▸ Task prompt
The reader should set down exactly the lines from the one containing "Super Smash Bros." through the last line of the material, omitting every picture.

▸ Dataset section
- - - -
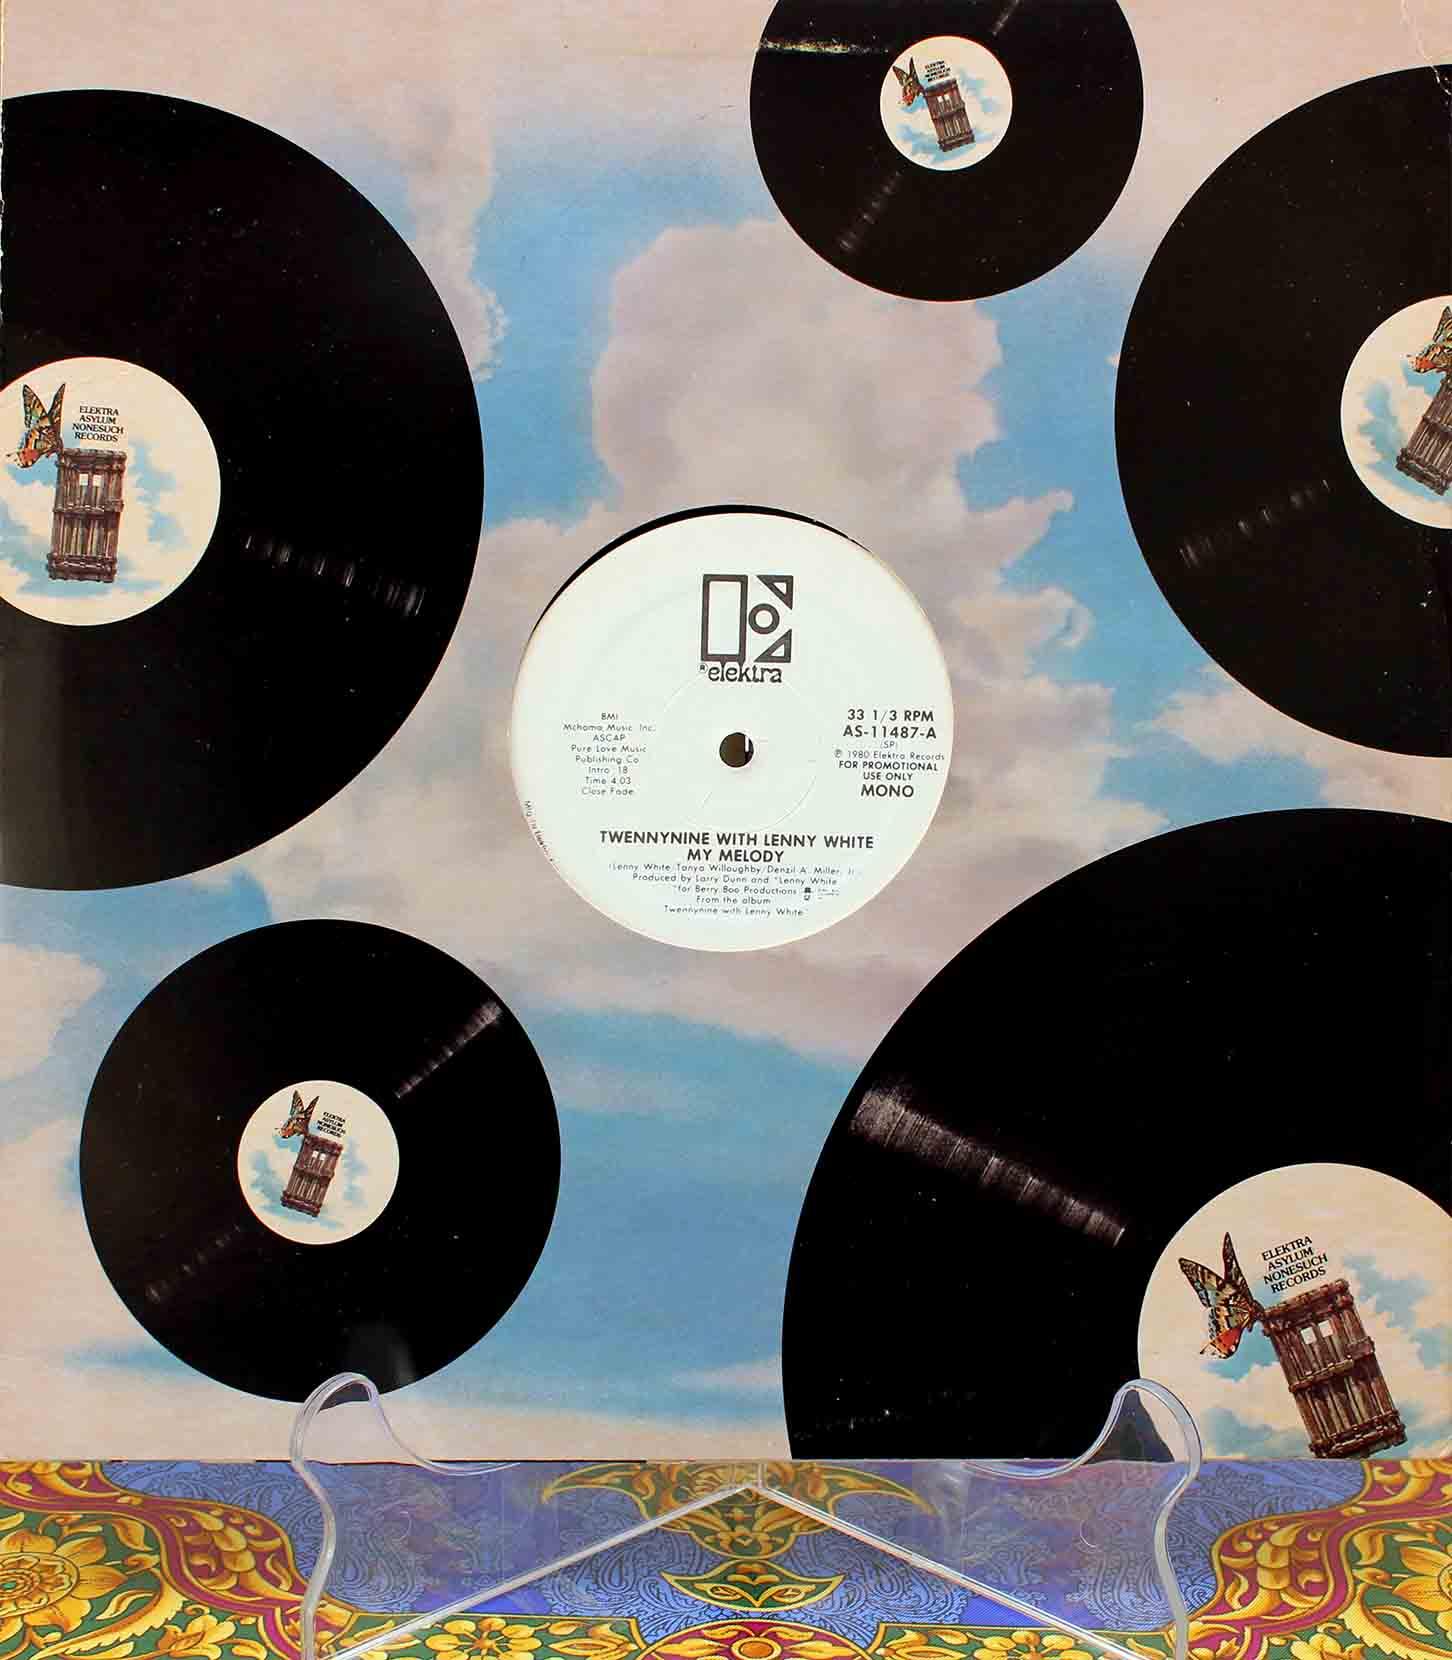 Twennynine With Lenny White – My Melody 02
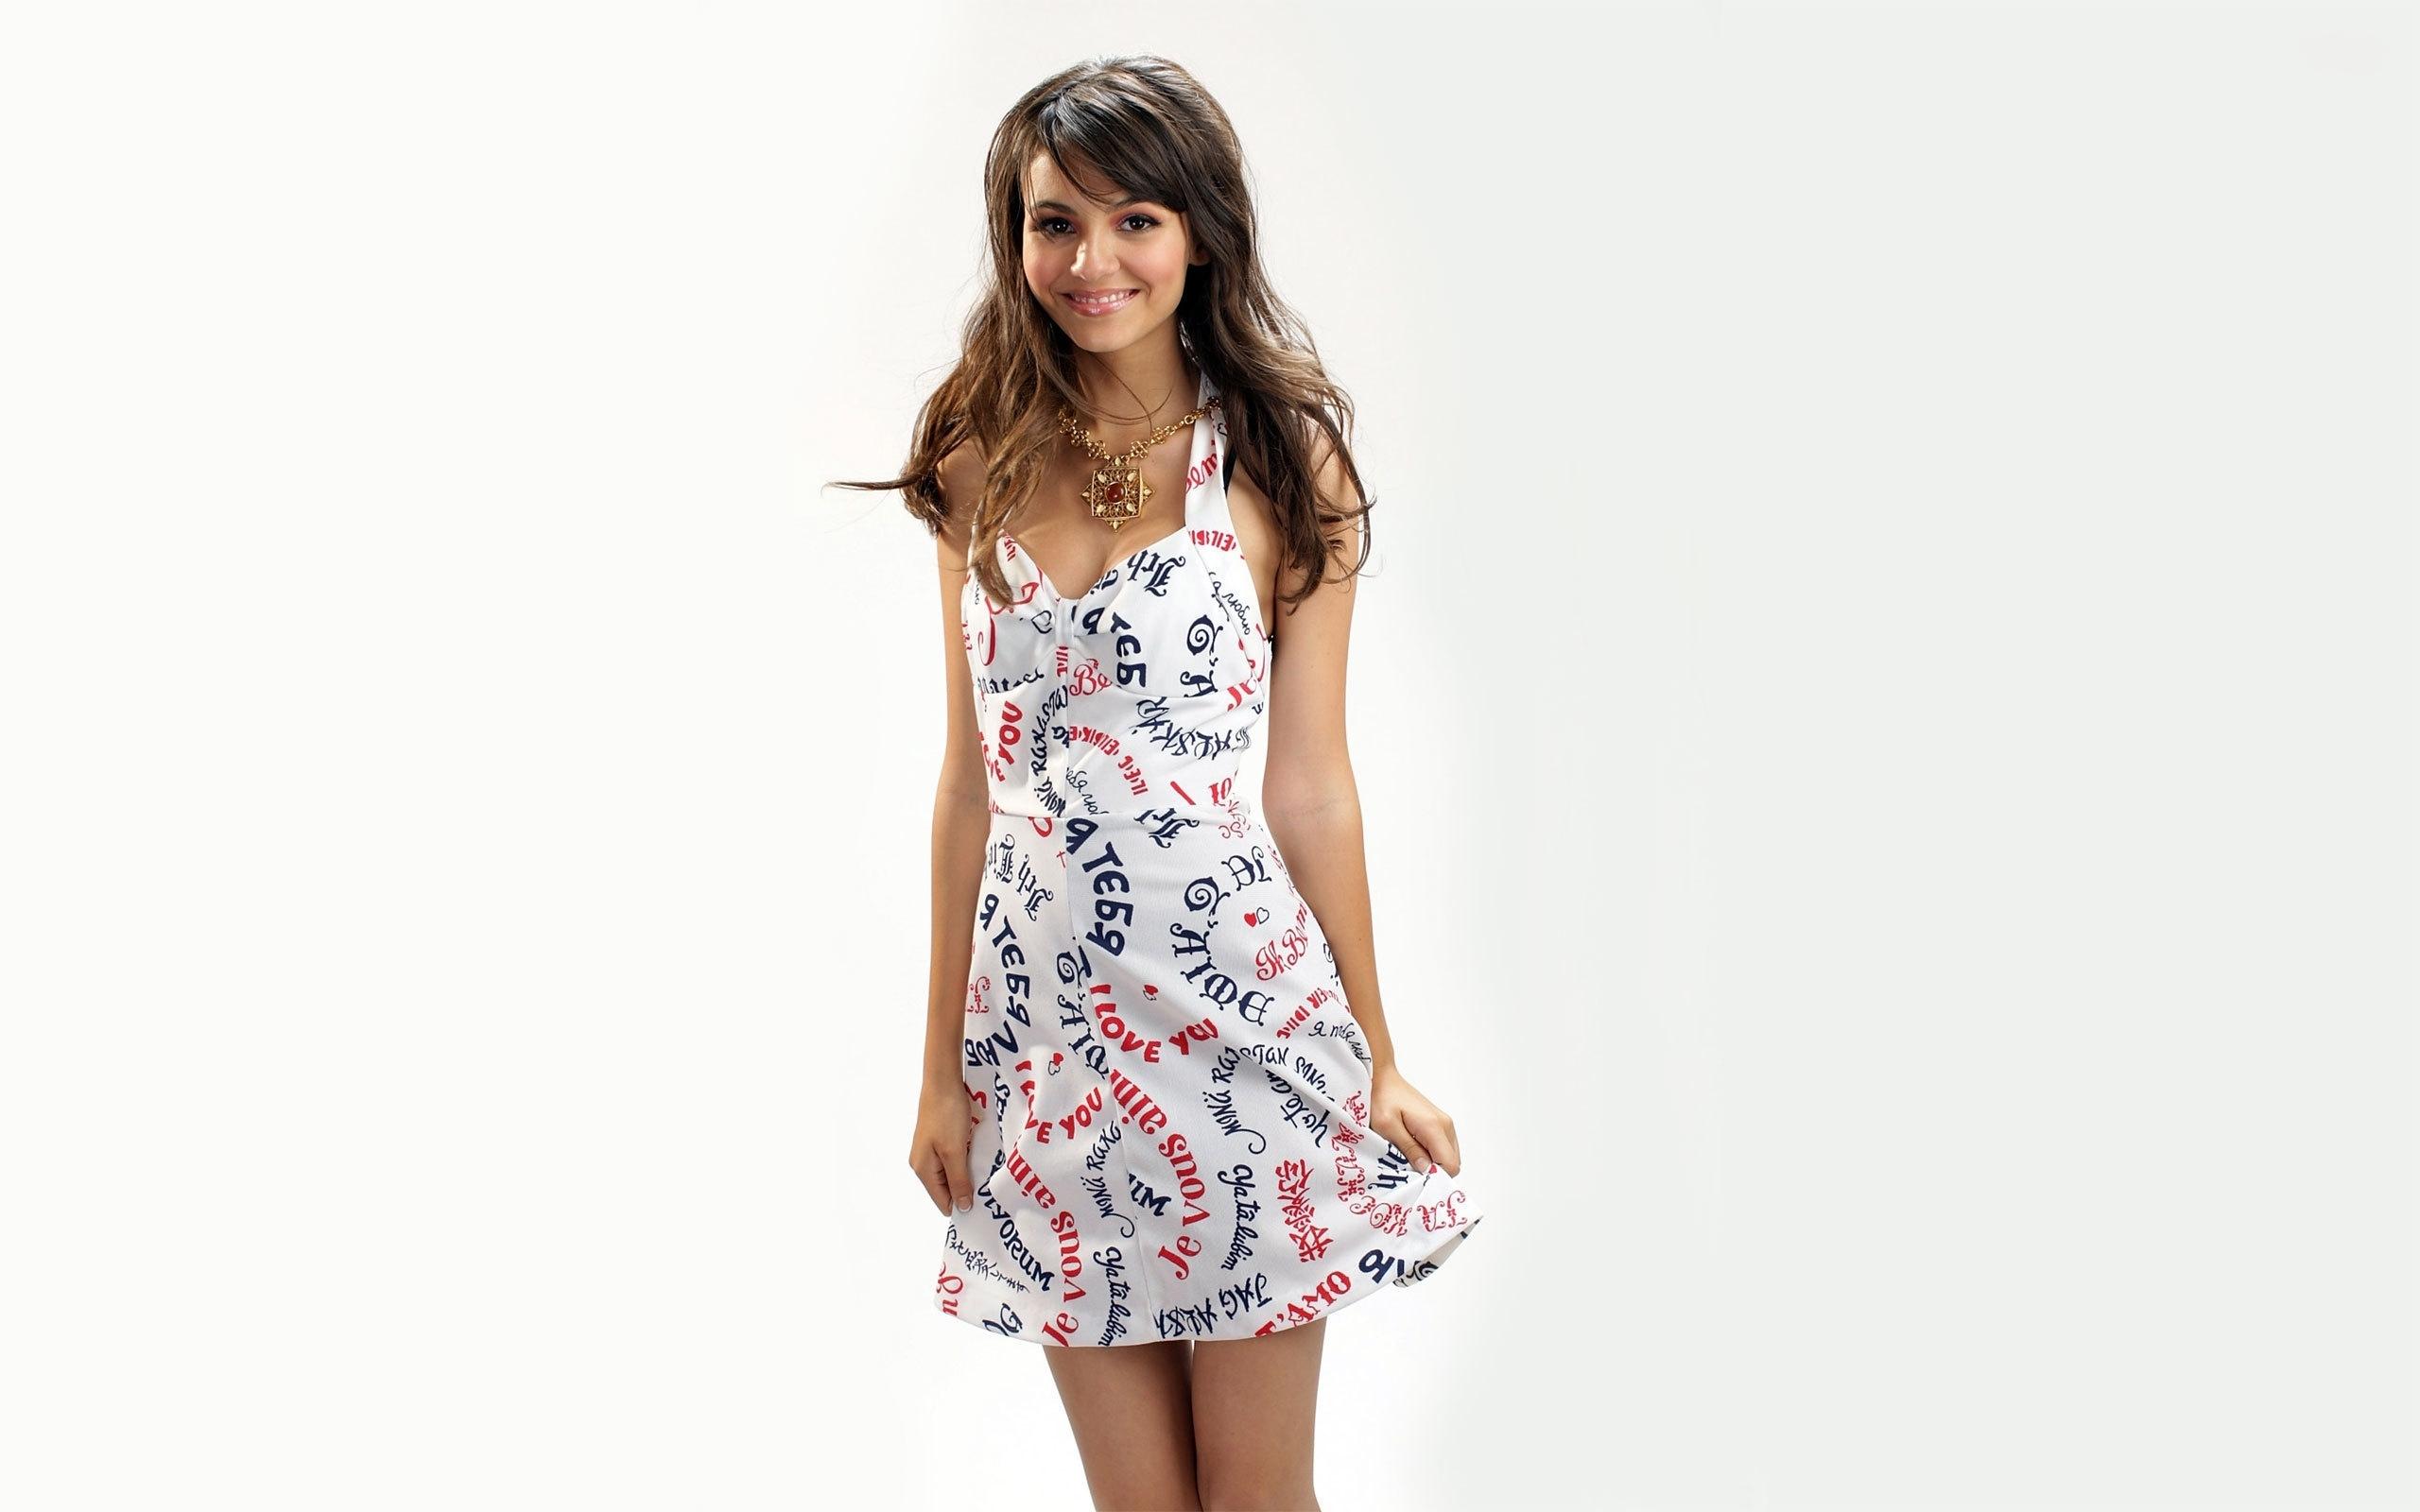 Hintergrundbilder : Brünette, Kleid, Muster, Mode, Frühling ...
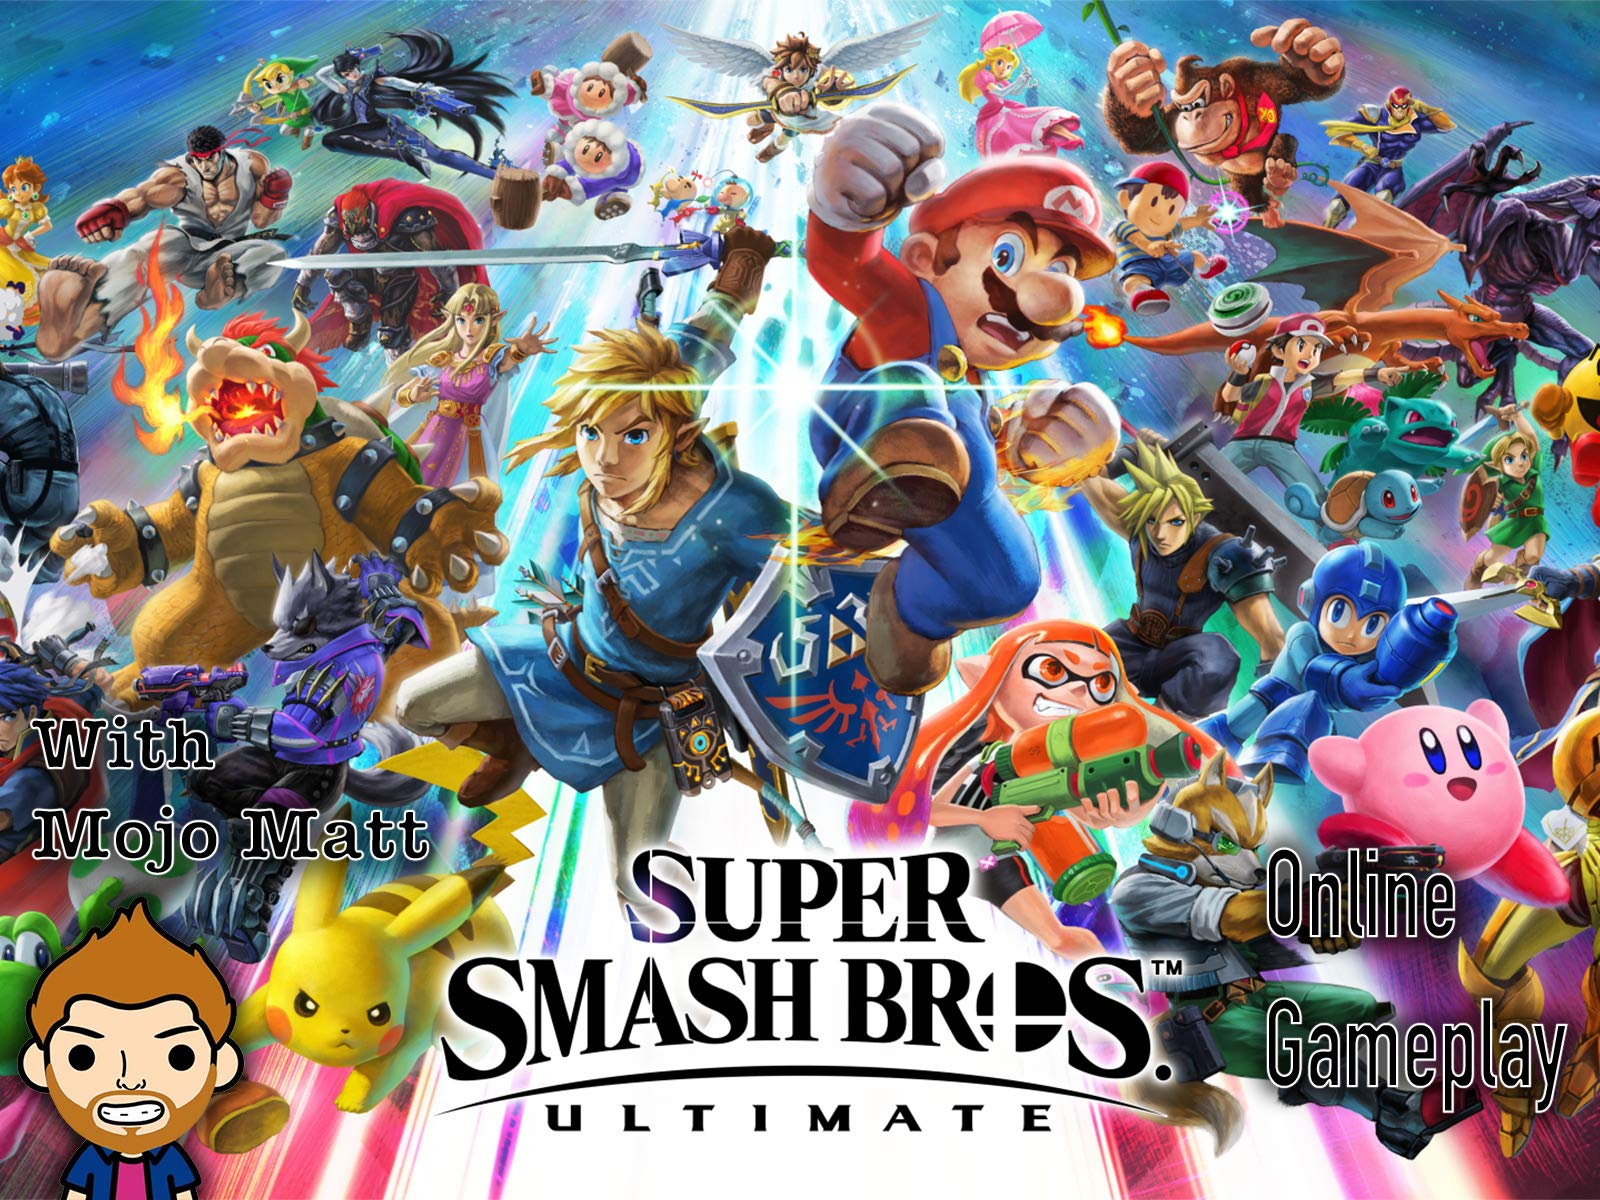 Super Smash Bros. Ultimate Online Gameplay With Mojo Matt on Amazon Prime Video UK
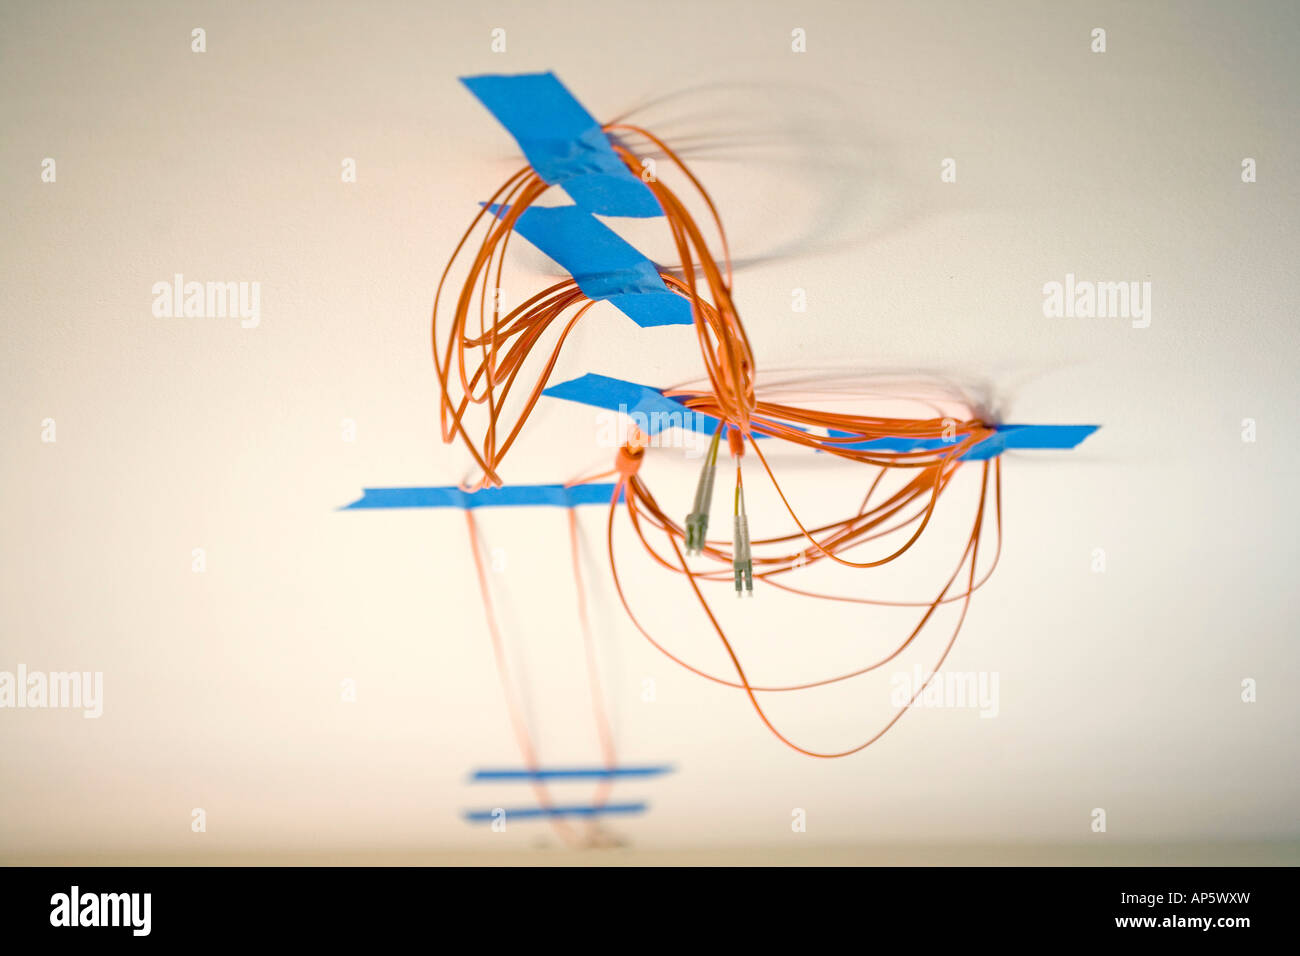 Cable de fibra óptica internet abstracto naranja azul diseño en blanco. Imagen De Stock
- - - -
▸ Result of the exercise
 Super Smash Bros. Ultimate Online Gameplay With Mojo Matt on Amazon Prime Video UK
 Cable de fibra óptica internet abstracto naranja azul diseño en blanco. Imagen De Stock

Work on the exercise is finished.